Basının durumu böyleyken halkımızın durumu nasıl? Şöyle bir değerlendirme yapalım. Ben gazetecilikte oldukça yeniyim. Üstad sayılacak gazeteci ağabeylerim çok daha iyi bilirler ancak takip edebildiğim kadarıyla bu konu dile getirilmiyor.
Konu şu; Adıyaman’da günlük 6 gazete çıkıyor. Kimisi biz 2000 kimisi biz 1500 adet basıyoruz diyorlar. Yalanlamak gibi olmasın ama Adıyaman yerel gazetelerinden 2–3 tanesi hariç hiç biri 500 adet’in üstünde bastığına inanmıyorum. İnanmıyorum çünkü yerel gazeteler satılmıyor. Satılmayan mala neden masraf yapılsın. Gazete patronları haklılar basım sayısını az tutmakla…
Geçenlerde ilçemizde birkaç esnafın yanına gittim.Yerel gazeteye abone olmaları için konuşuyorduk.İçlerinden biri(ilçenin en büyük esnaflarından) bana dönerek;” bizim gazete okumaya zamanımız yok.hem boşuna neden para verelim.”dedi.beynimin şartelleri attı.kendimi zor tuttum.hakaret edecektim ancak bana yakışmayacağını düşündüm.haklısın …… Beyefendi dedim. Çekildim.
Yerel gazetecilerin ayakta durabilmesi için gazetelerin satılması gerekir. Gazetecilerin kimsenin gölgesinde, kimsenin kuklası olmaması için kendi ayaklarının üstünde durabilmeleri lazım. Oysa kendi ayakları üzerinde durabilen bir gazete hemen hemen yok gibi.
Sonrada kalkıp
“siz gazeteciler objektif değilsiniz” derler.

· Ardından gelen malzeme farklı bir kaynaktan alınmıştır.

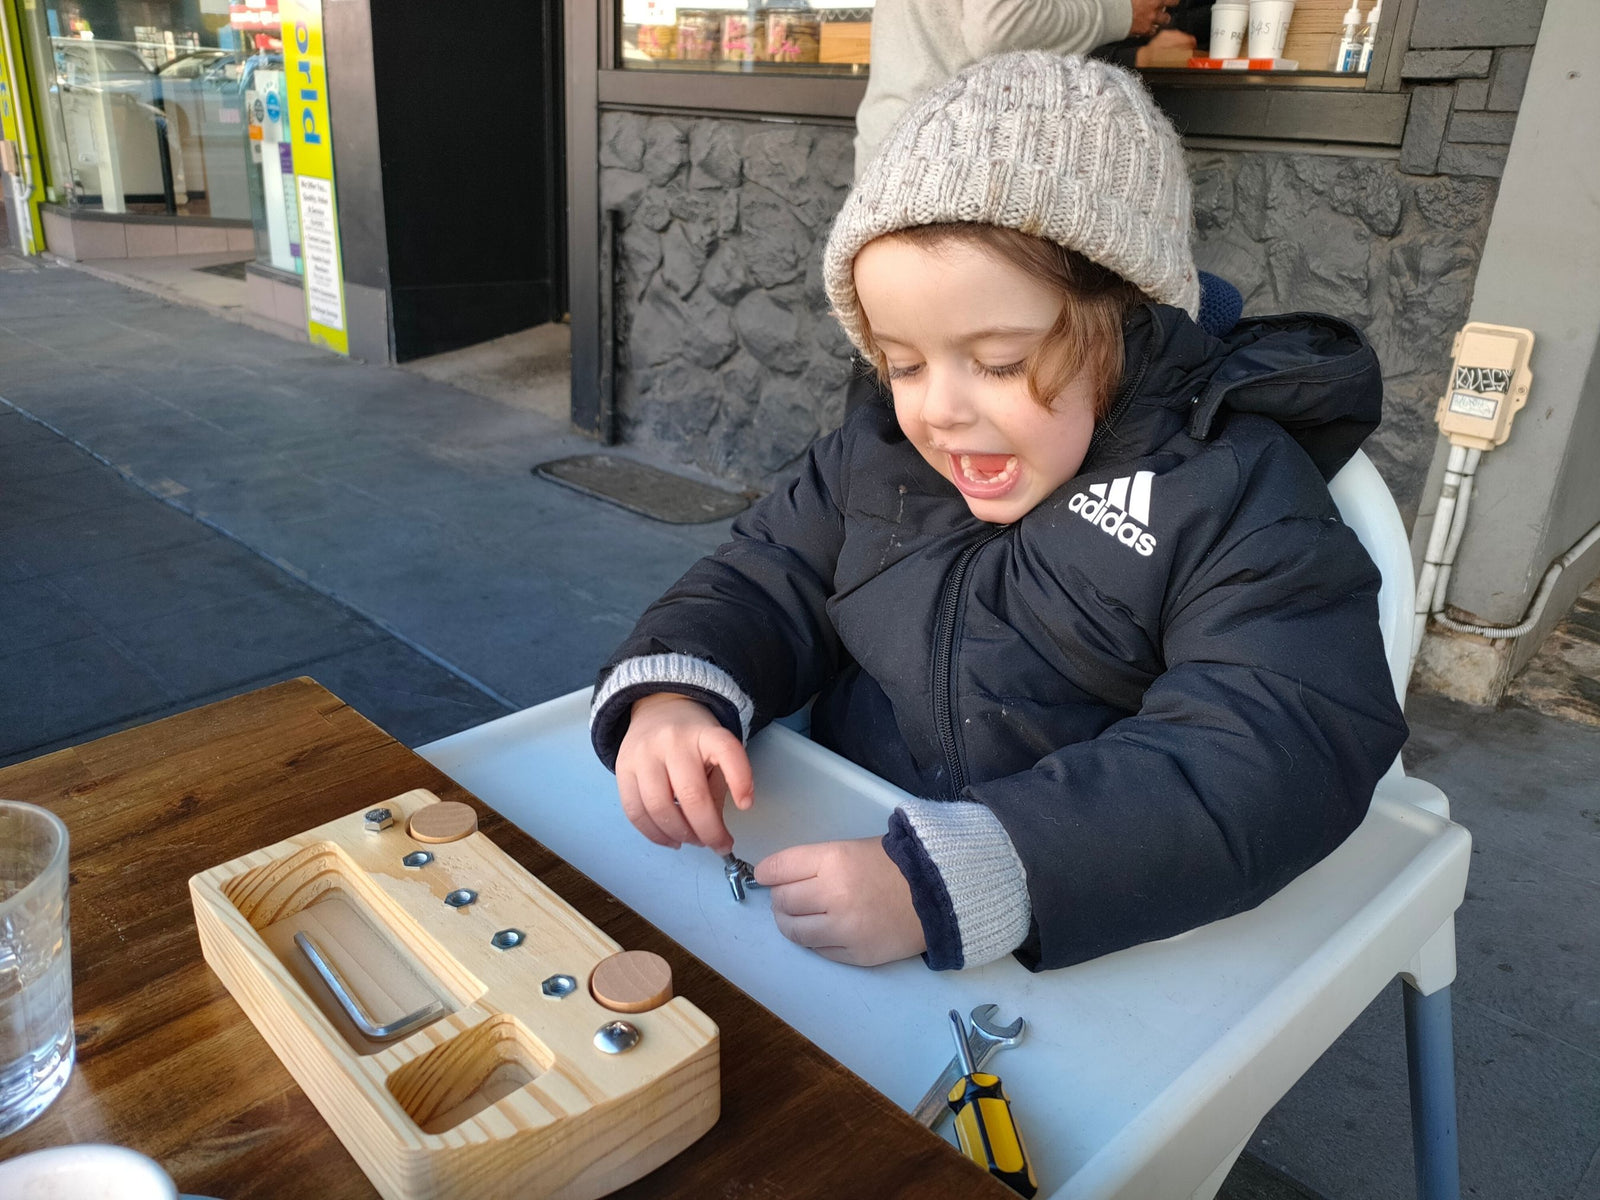 Montessori Screw Driver Board Kids Montessori Materials - Axel Adventures

Beyhey kardeşim benim objektif olmamı istiyorsan bana senin yardım etmen lazım.
Siyasi parti başkanları bana yardım ederse ben o siyasi parti başkanını kollamak zorunda kalırım.
Neden beni bir siyasiye gebe bırakıyorsun.
Oysa gazeteciler halkın gözü kulağı sesi değimliydiler.
Neden gazeteciler siyasilerin borazanları olsun. “olmaz ama" olursa da
Eğer ki bir gazete bir siyasinin borazanlığını yapıyorsa suçu o gazetede değil halkta aramak lazım.
Adıyaman yerel gazeteleri günlük 3000 bin adet çıkarsa ve bunların hepsinin abonesi olsa hangi bir gazete bir siyasinin kuklası olur?
Elinizi vicdanınıza koyun ve düşünün.